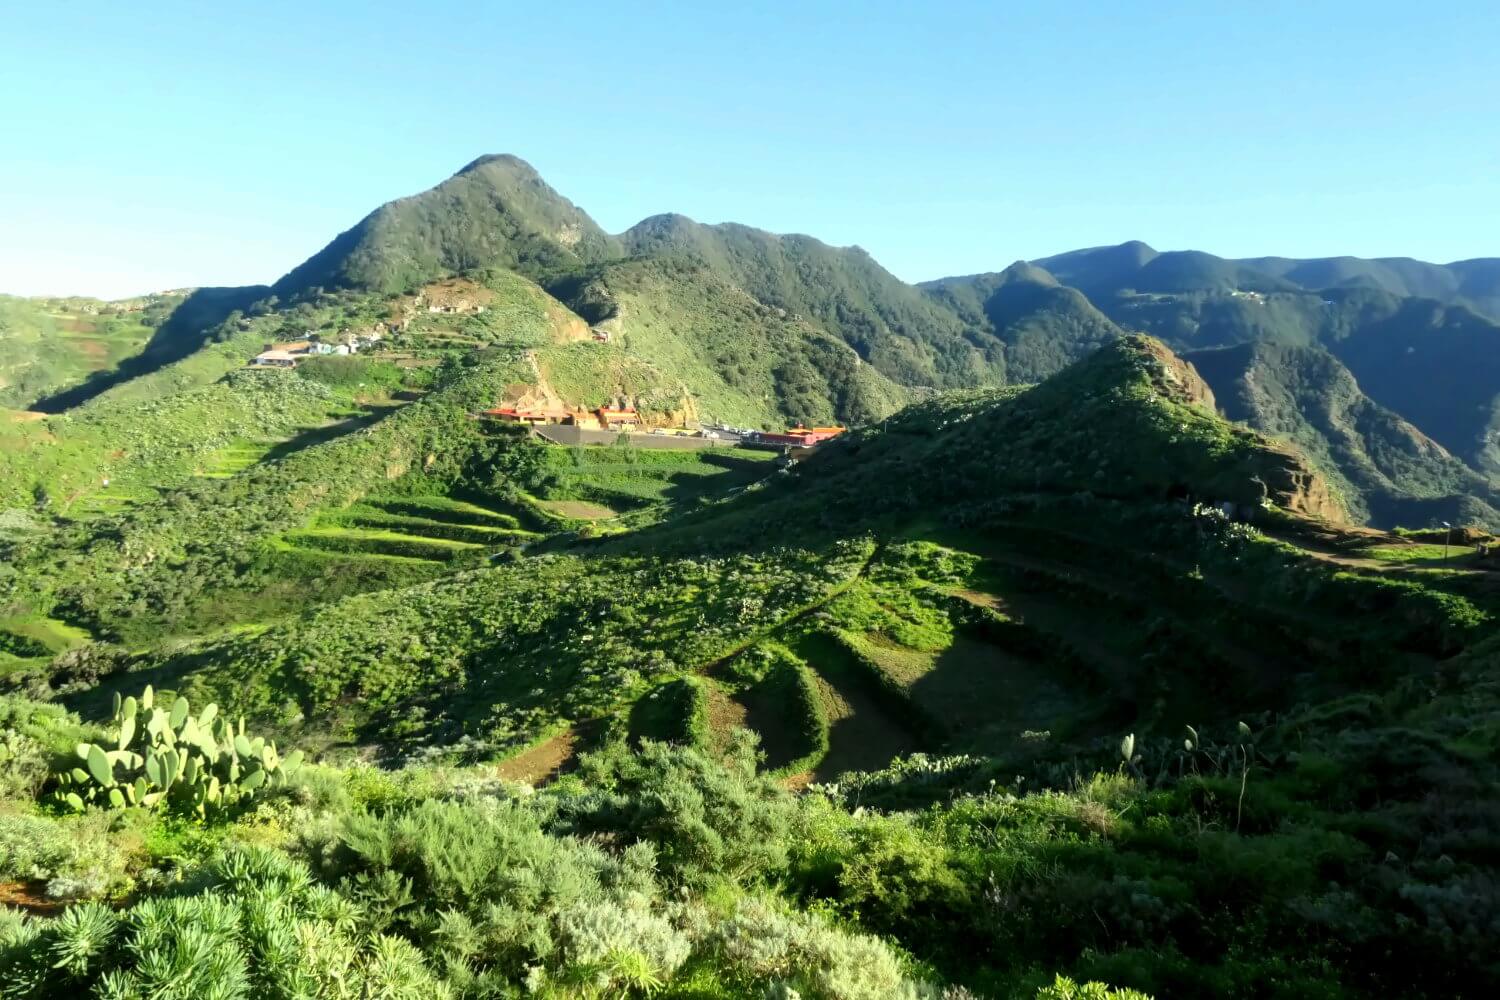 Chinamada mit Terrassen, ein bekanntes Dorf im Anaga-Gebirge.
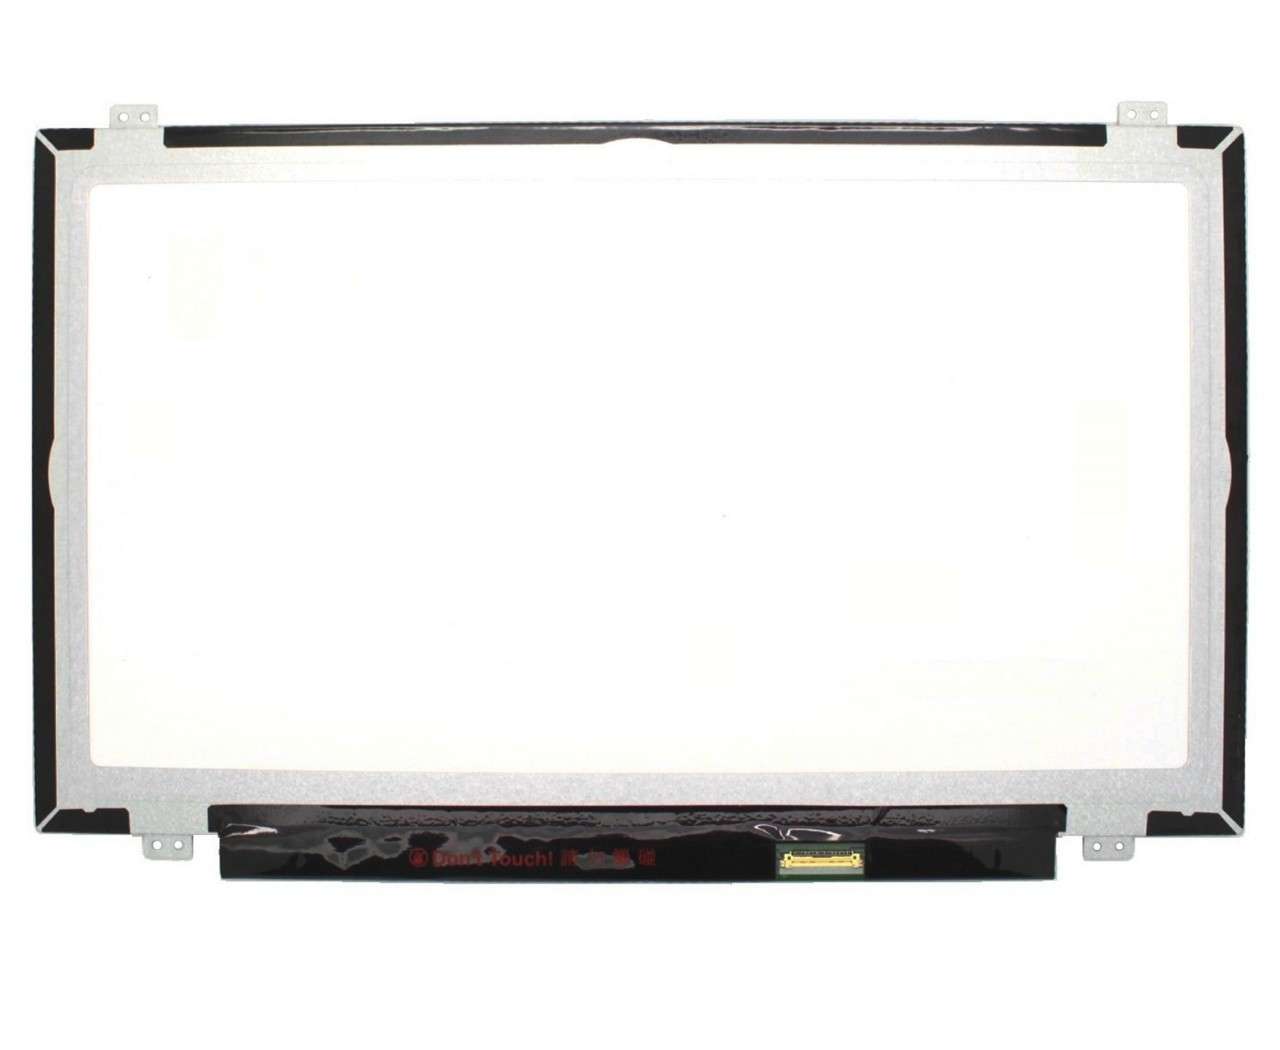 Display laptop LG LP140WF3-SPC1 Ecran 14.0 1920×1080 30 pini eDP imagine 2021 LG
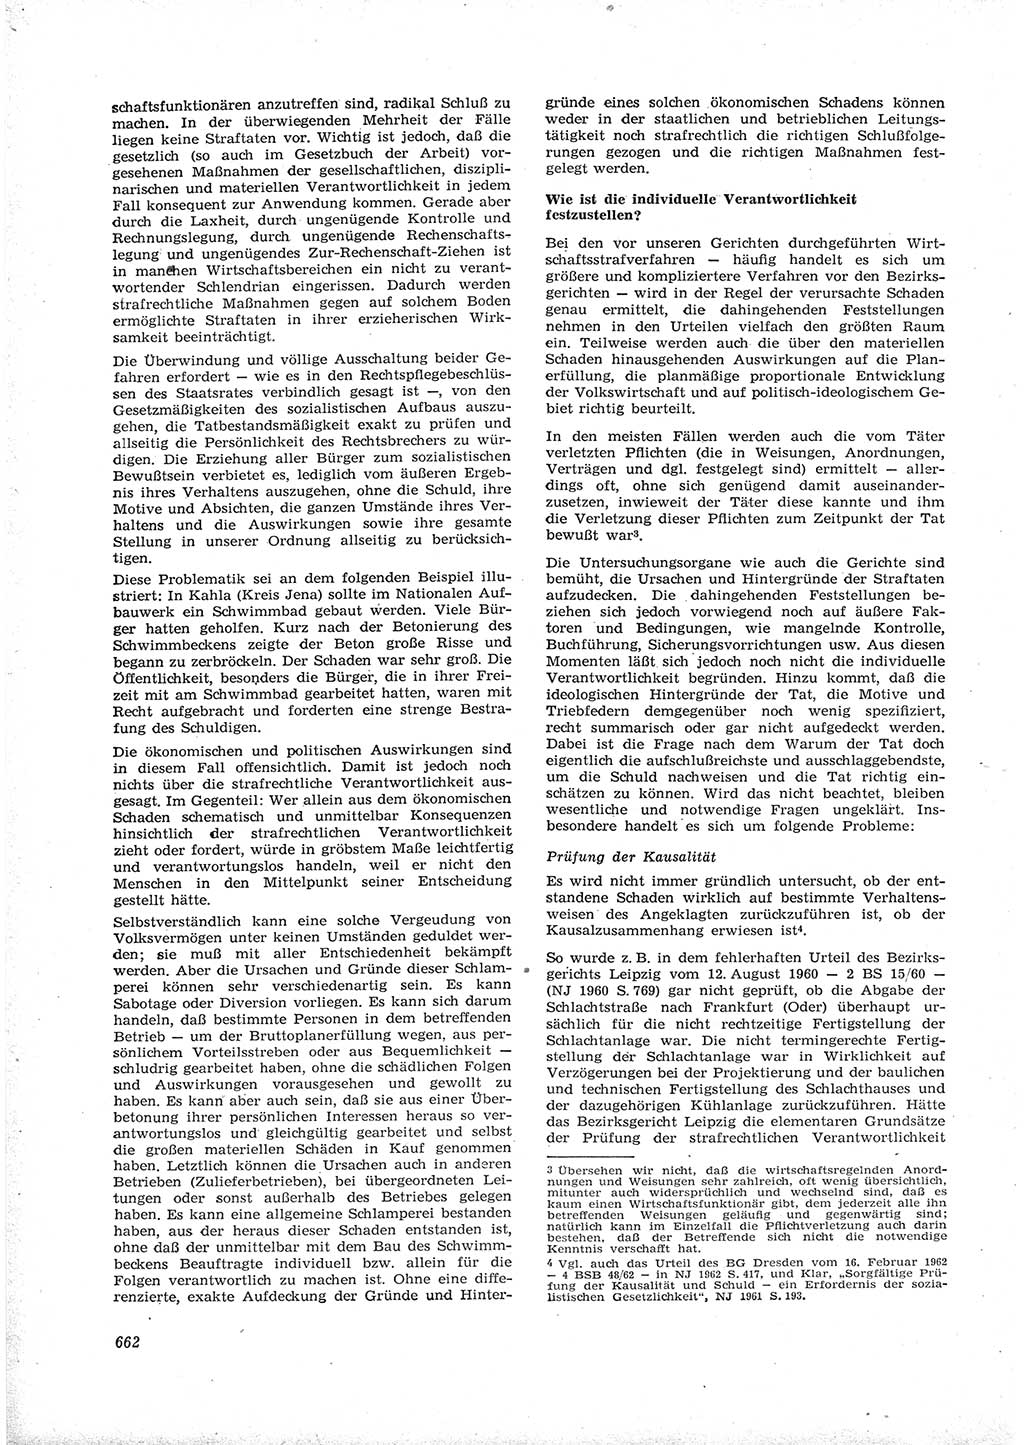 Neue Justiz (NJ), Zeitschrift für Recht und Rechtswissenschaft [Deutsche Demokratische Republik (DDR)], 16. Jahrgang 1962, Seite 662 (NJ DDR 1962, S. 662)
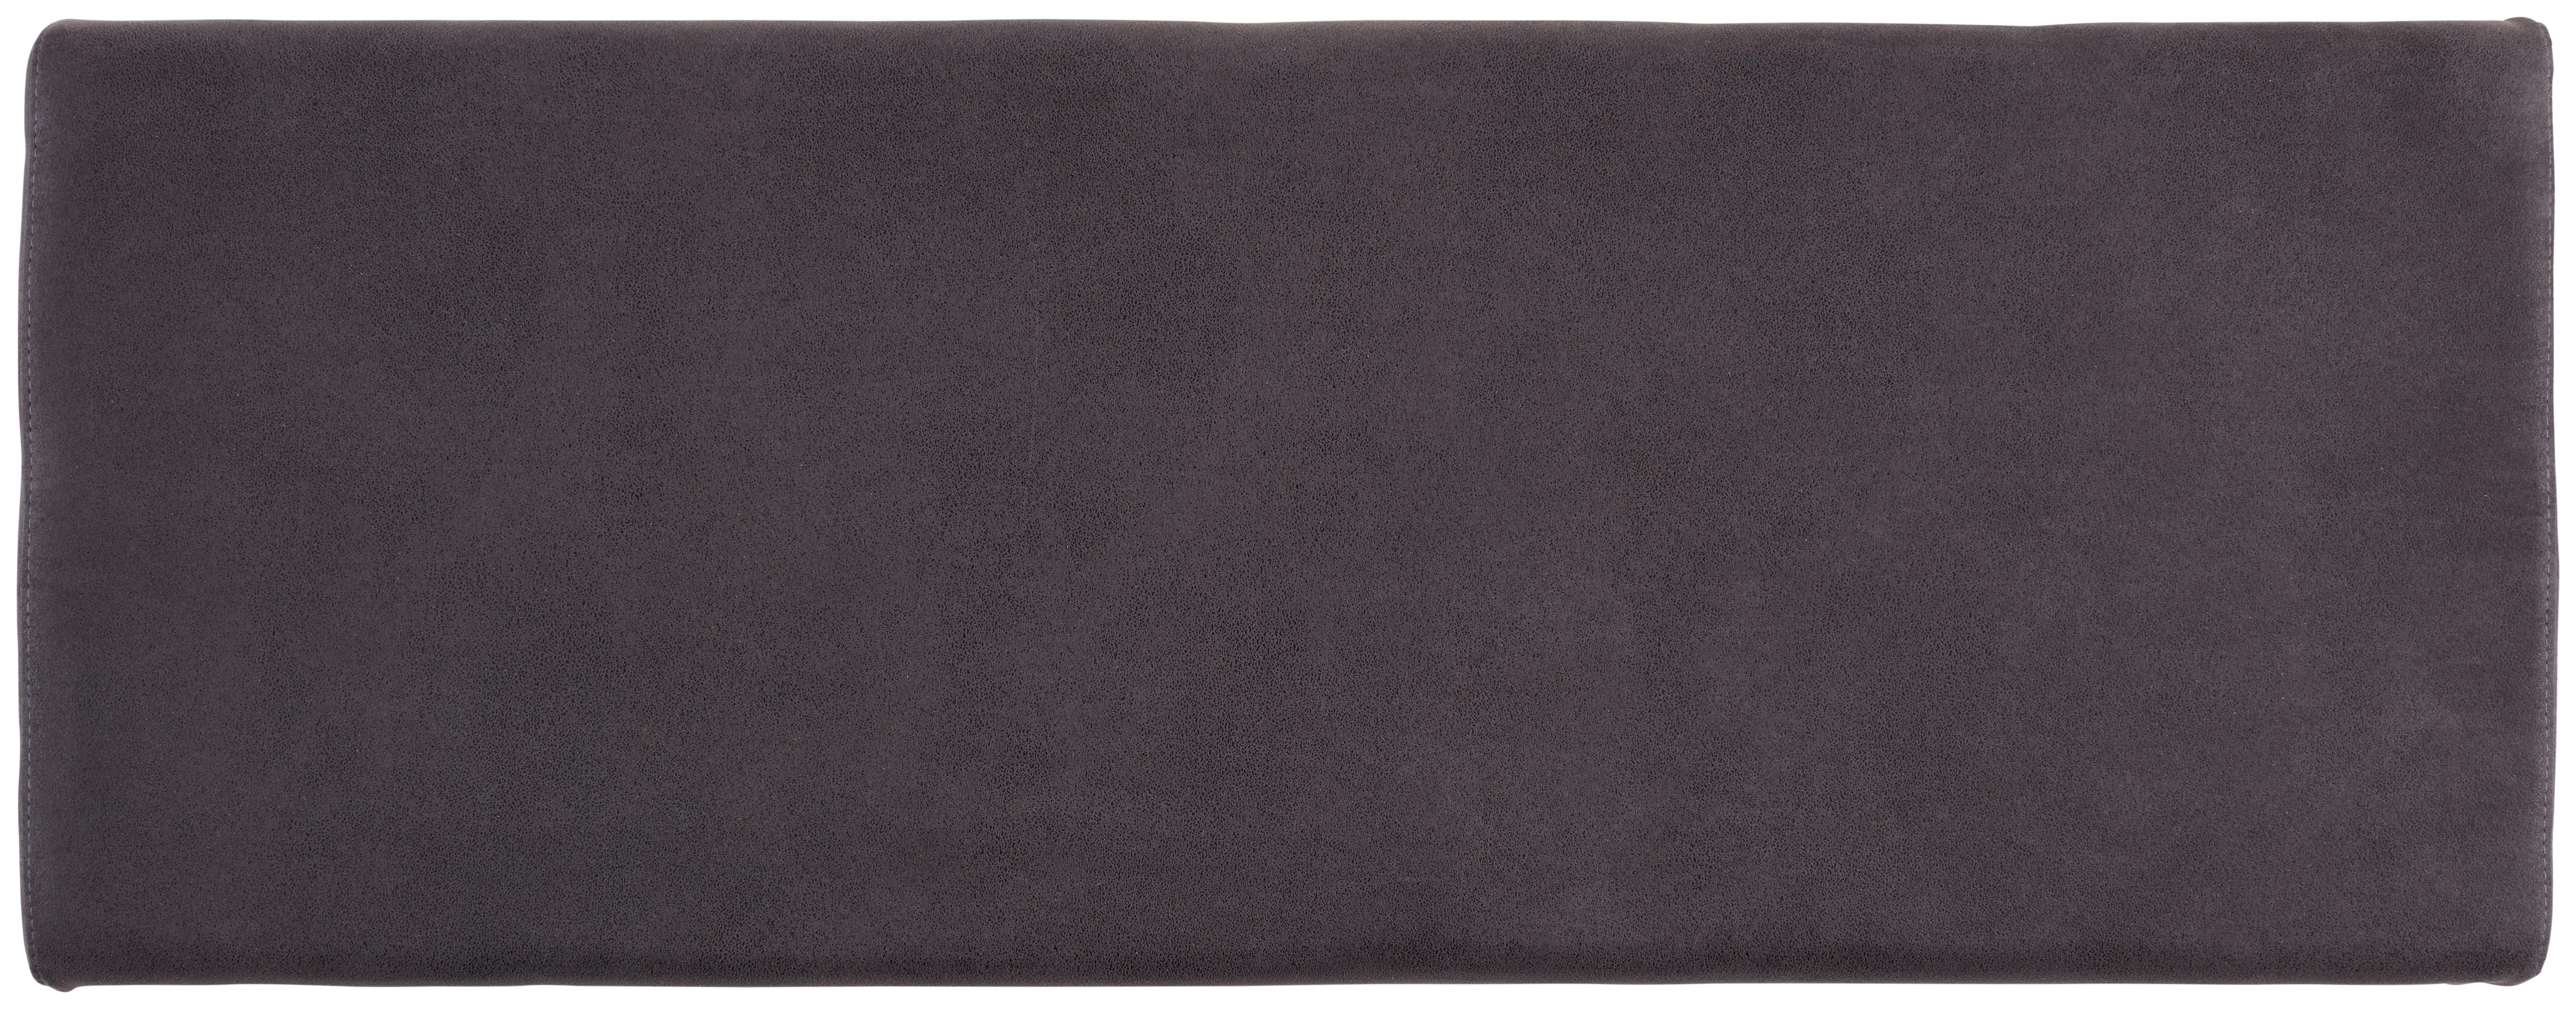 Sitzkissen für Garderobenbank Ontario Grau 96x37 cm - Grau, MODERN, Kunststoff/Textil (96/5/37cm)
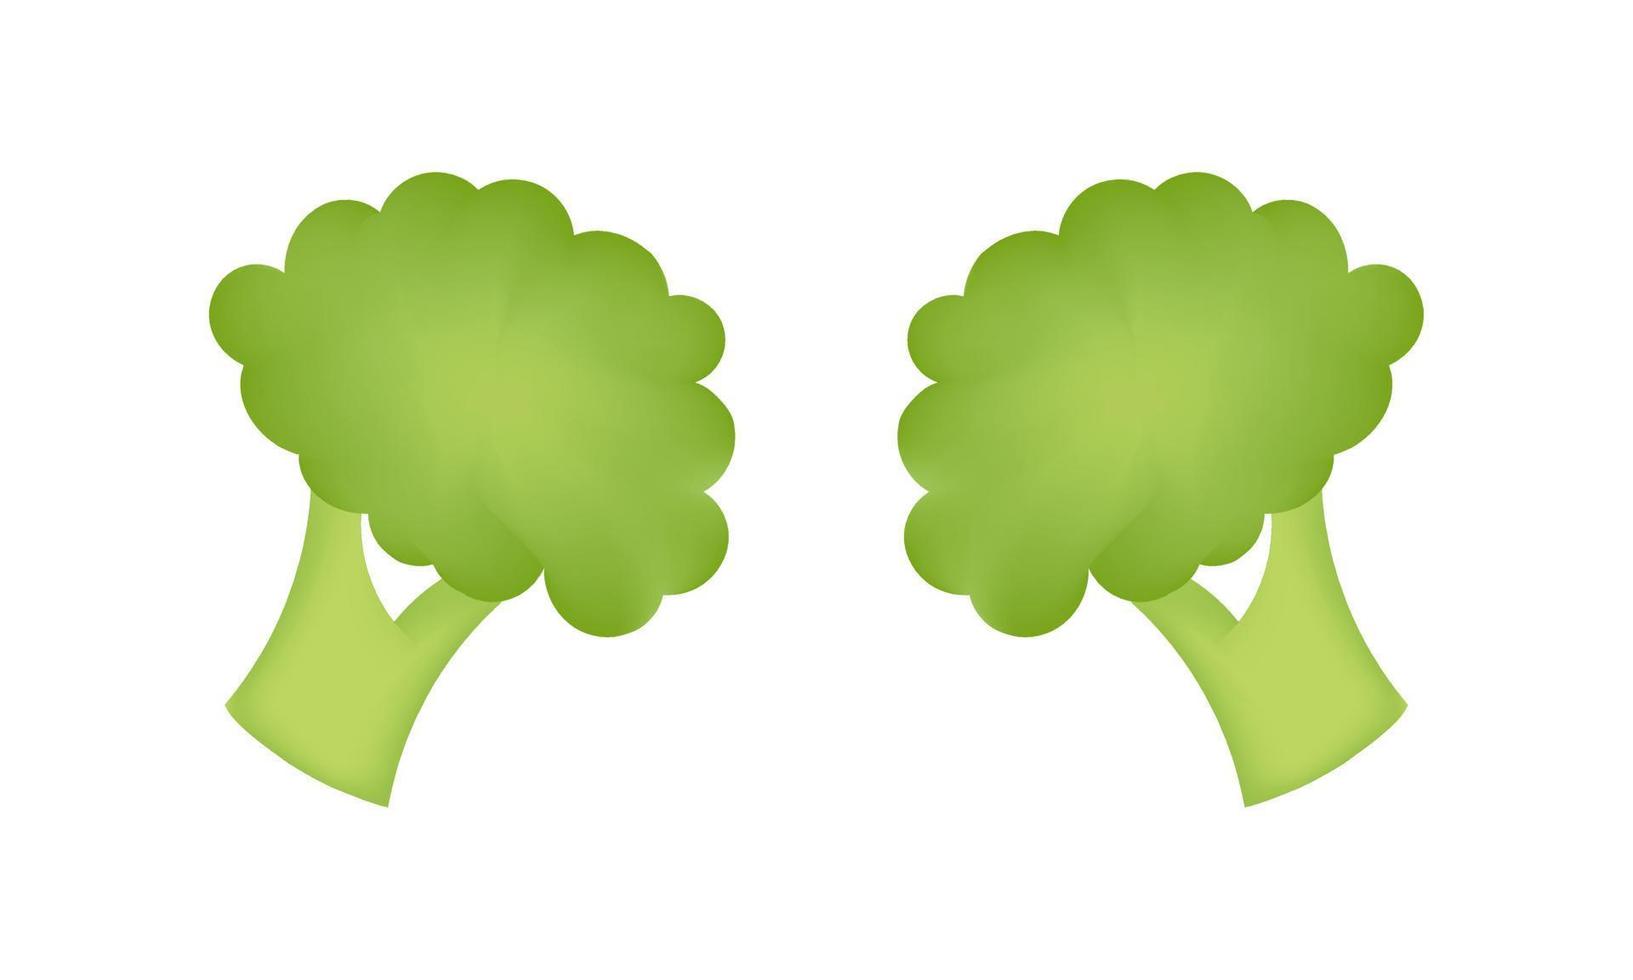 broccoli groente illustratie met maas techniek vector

───

TASK ITEM:
I would like an exact copy of the lines from the one holding "Sitzkissen für Garderobenbank" through the last line of the entries above, with the pictures left out.

WRITTEN RESPONSE:
 Sitzkissen für Garderobenbank Ontario Grau 96x37 cm - Grau, MODERN, Kunststoff/Textil (96/5/37cm)
 broccoli groente illustratie met maas techniek vector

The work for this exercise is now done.